INFORMATION SUPPLIED:
☆ ☆ ☆

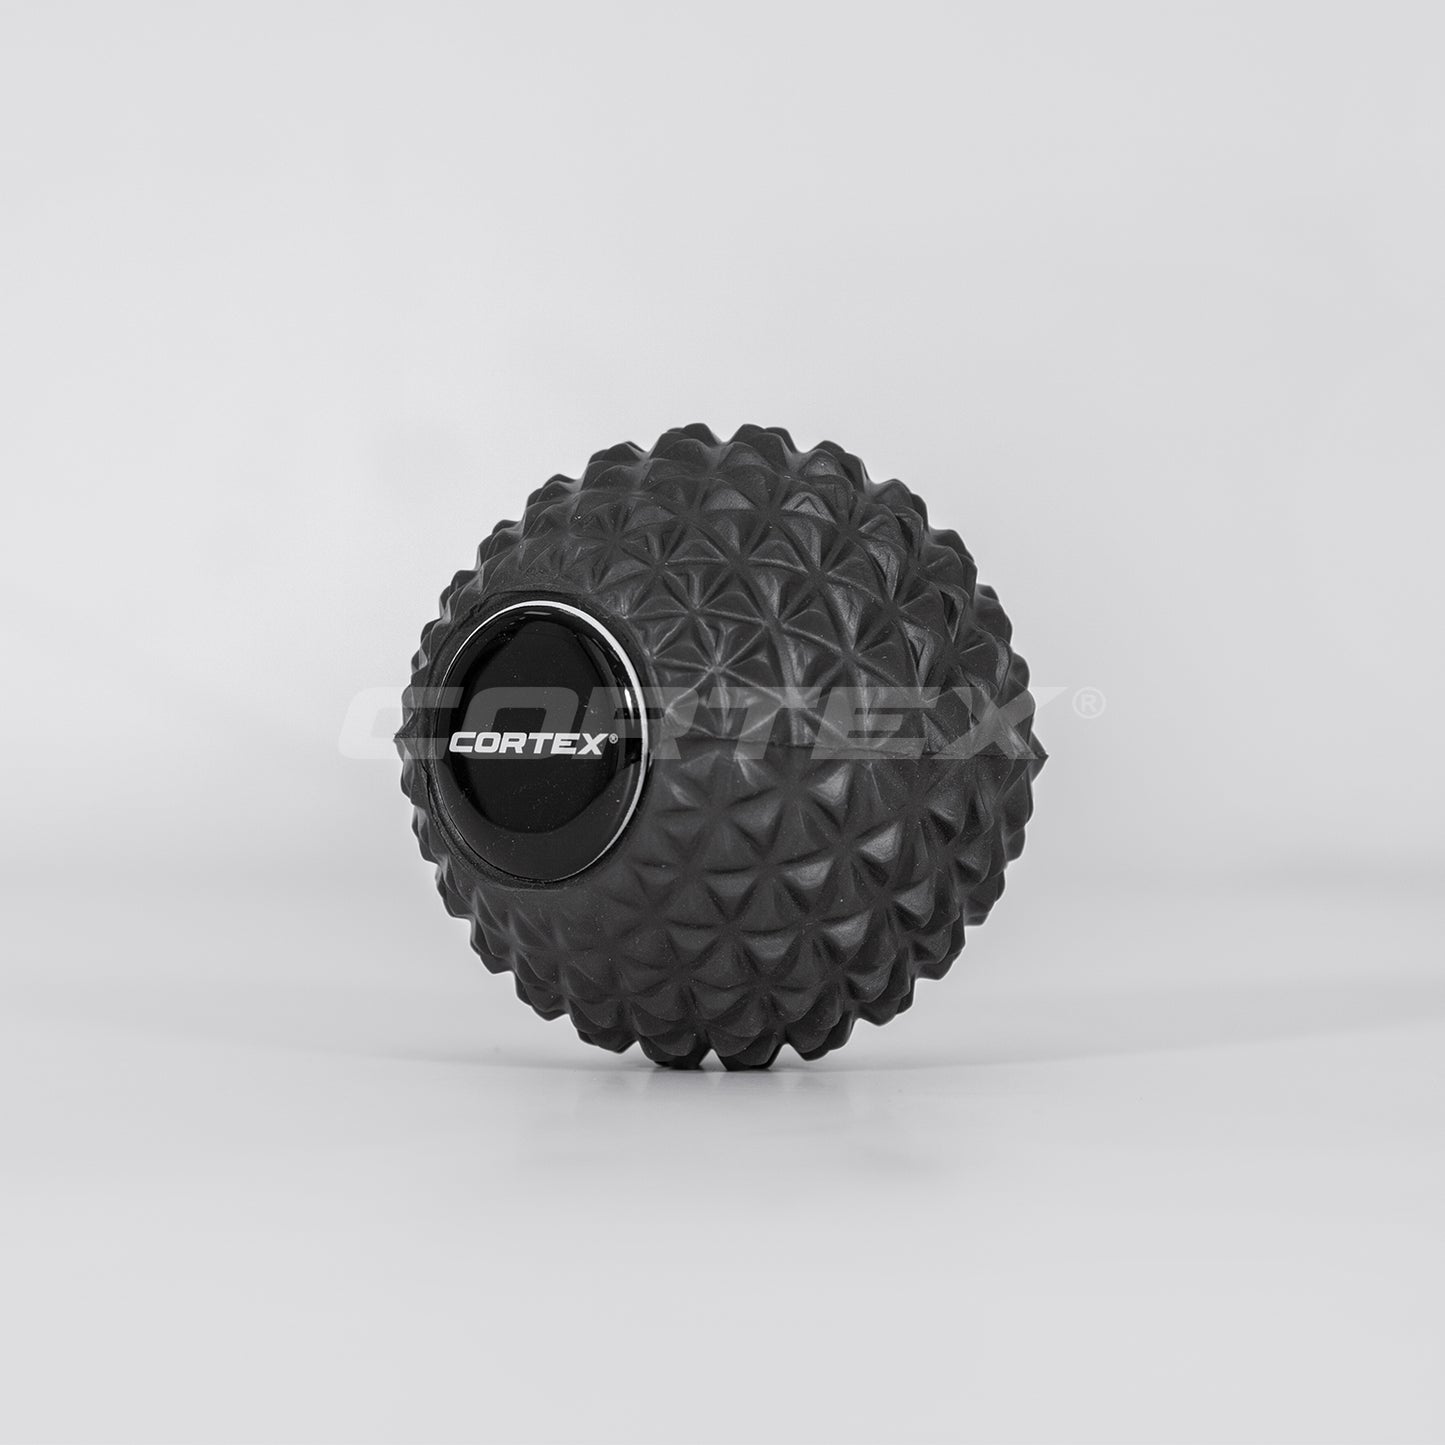 GridSoft EPP Foam Roller & Massage Ball (33x15cm)
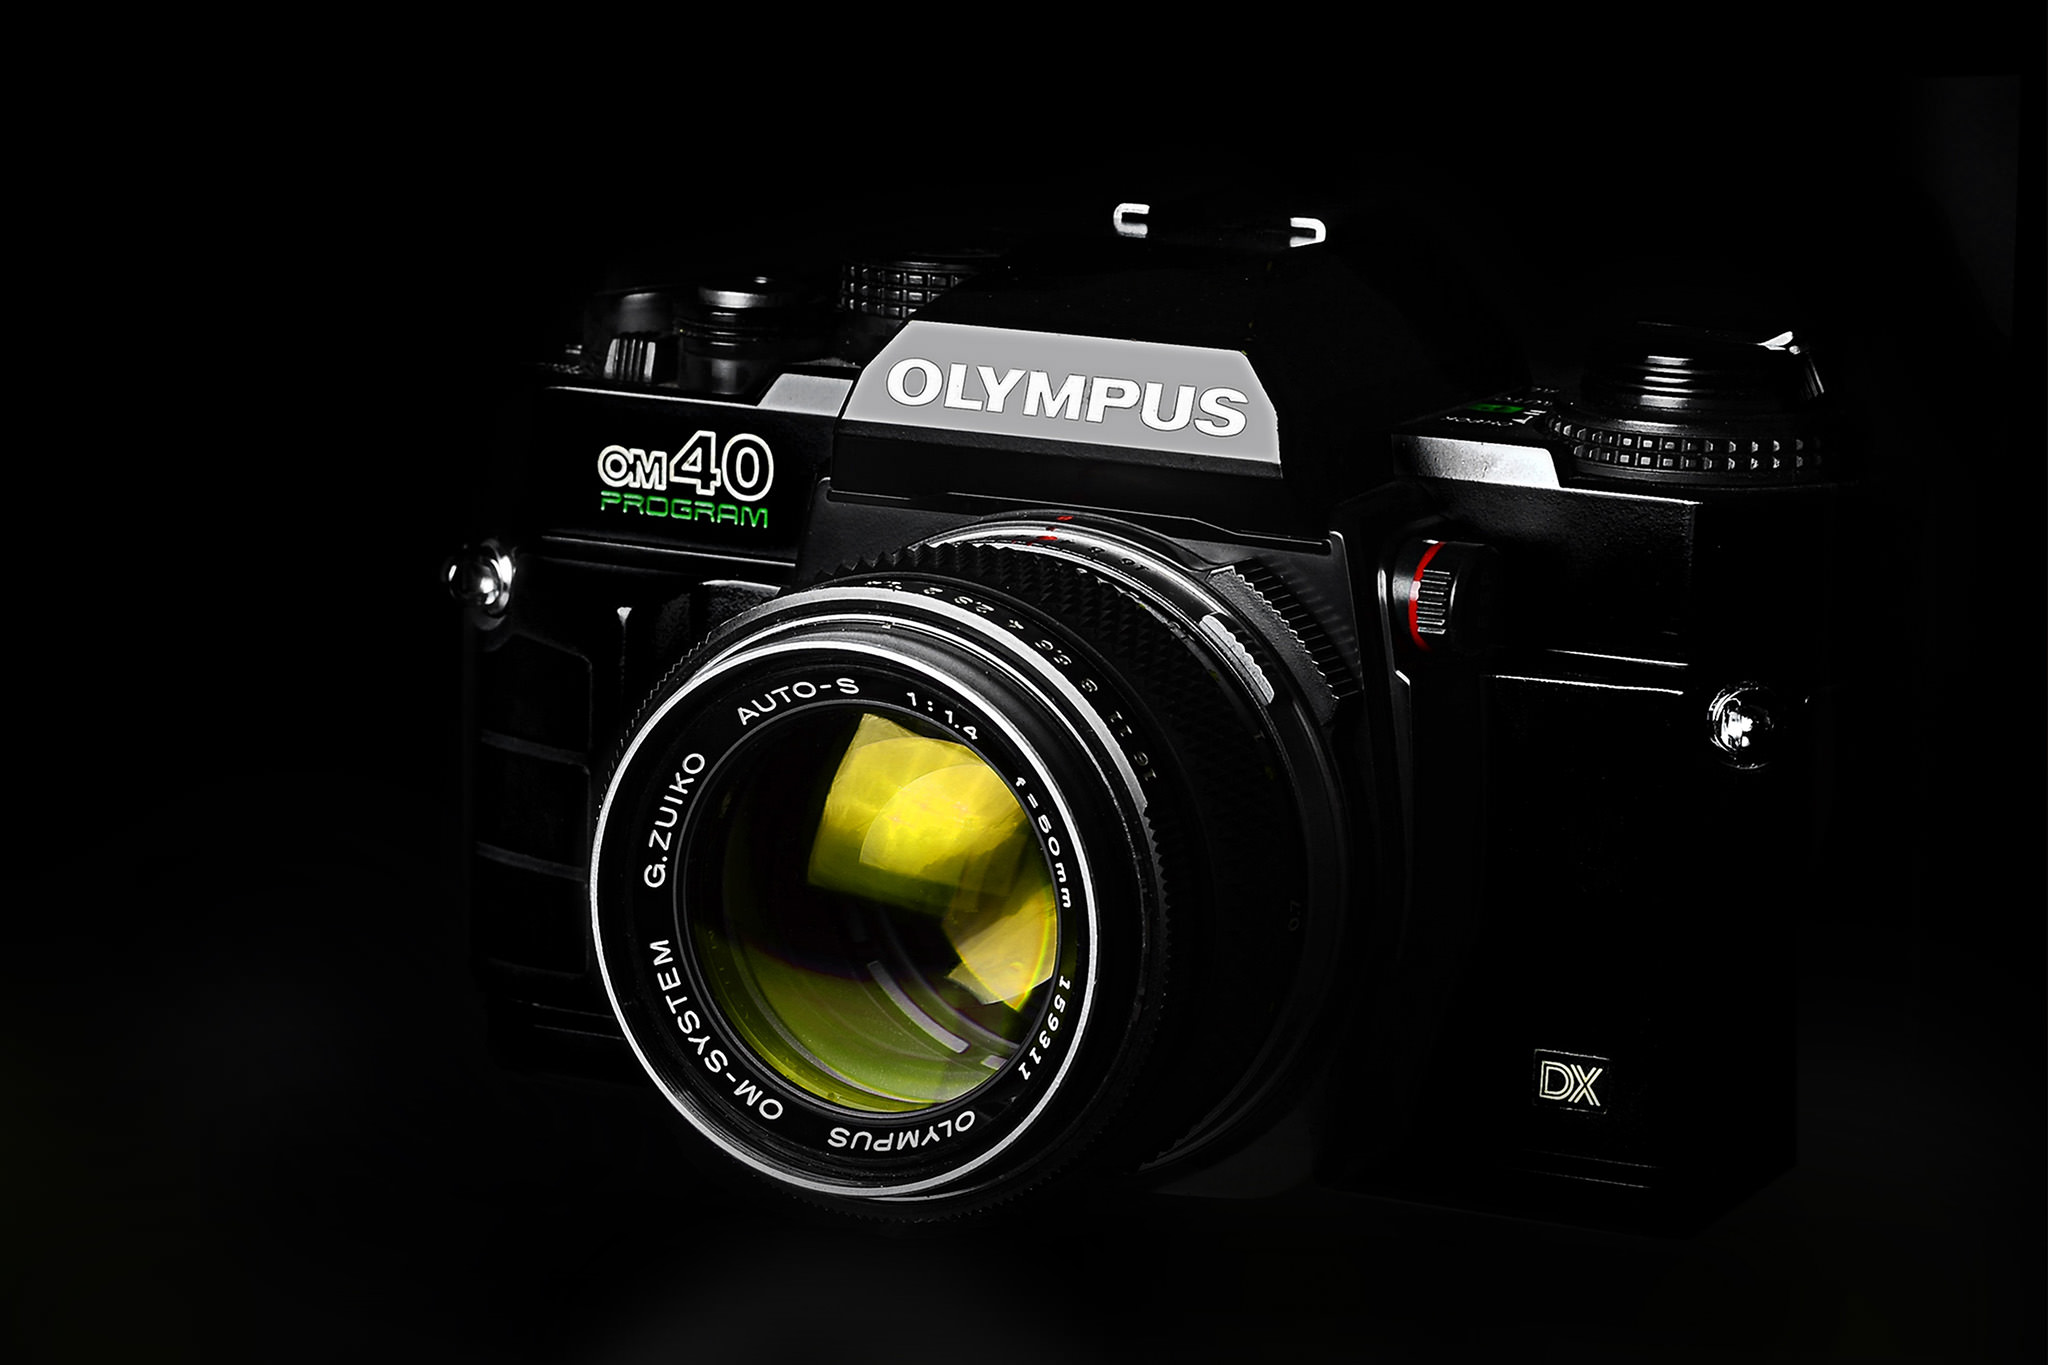 olympus-om-40-program-kamera-slr-35mm
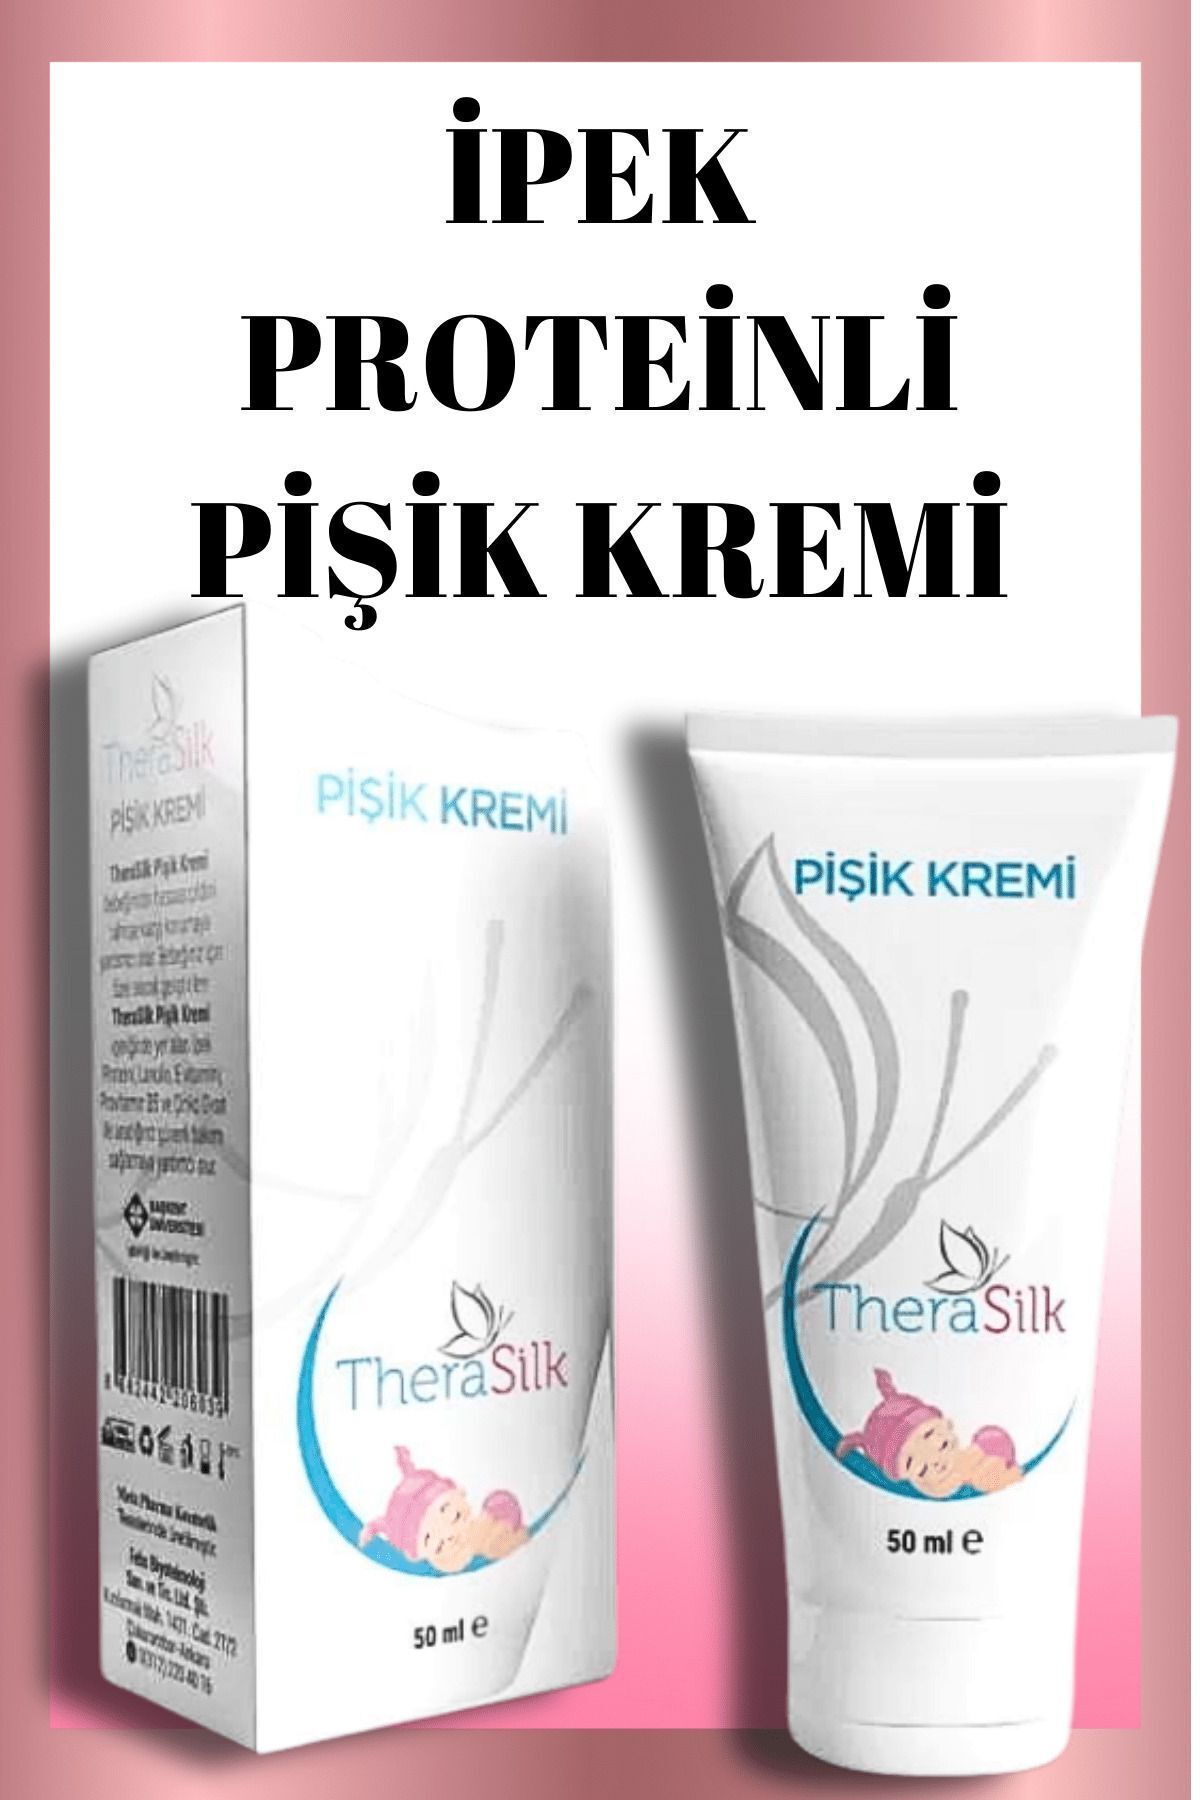 Therasilk Iprek Proteinli Pişik Kremi - Kolajenli Pişik Kremi 50 ml - Collagen

☆ ☆ ☆

WORK INSTRUCTION: Since the pictures are not wanted, transcribe only the rest of the material above, exactly as it stands.

RESPONSE AREA:
 GridSoft EPP Foam Roller & Massage Ball (33x15cm)
 olympus-om-40-program-kamera-slr-35mm
 Therasilk Iprek Proteinli Pişik Kremi - Kolajenli Pişik Kremi 50 ml - Collagen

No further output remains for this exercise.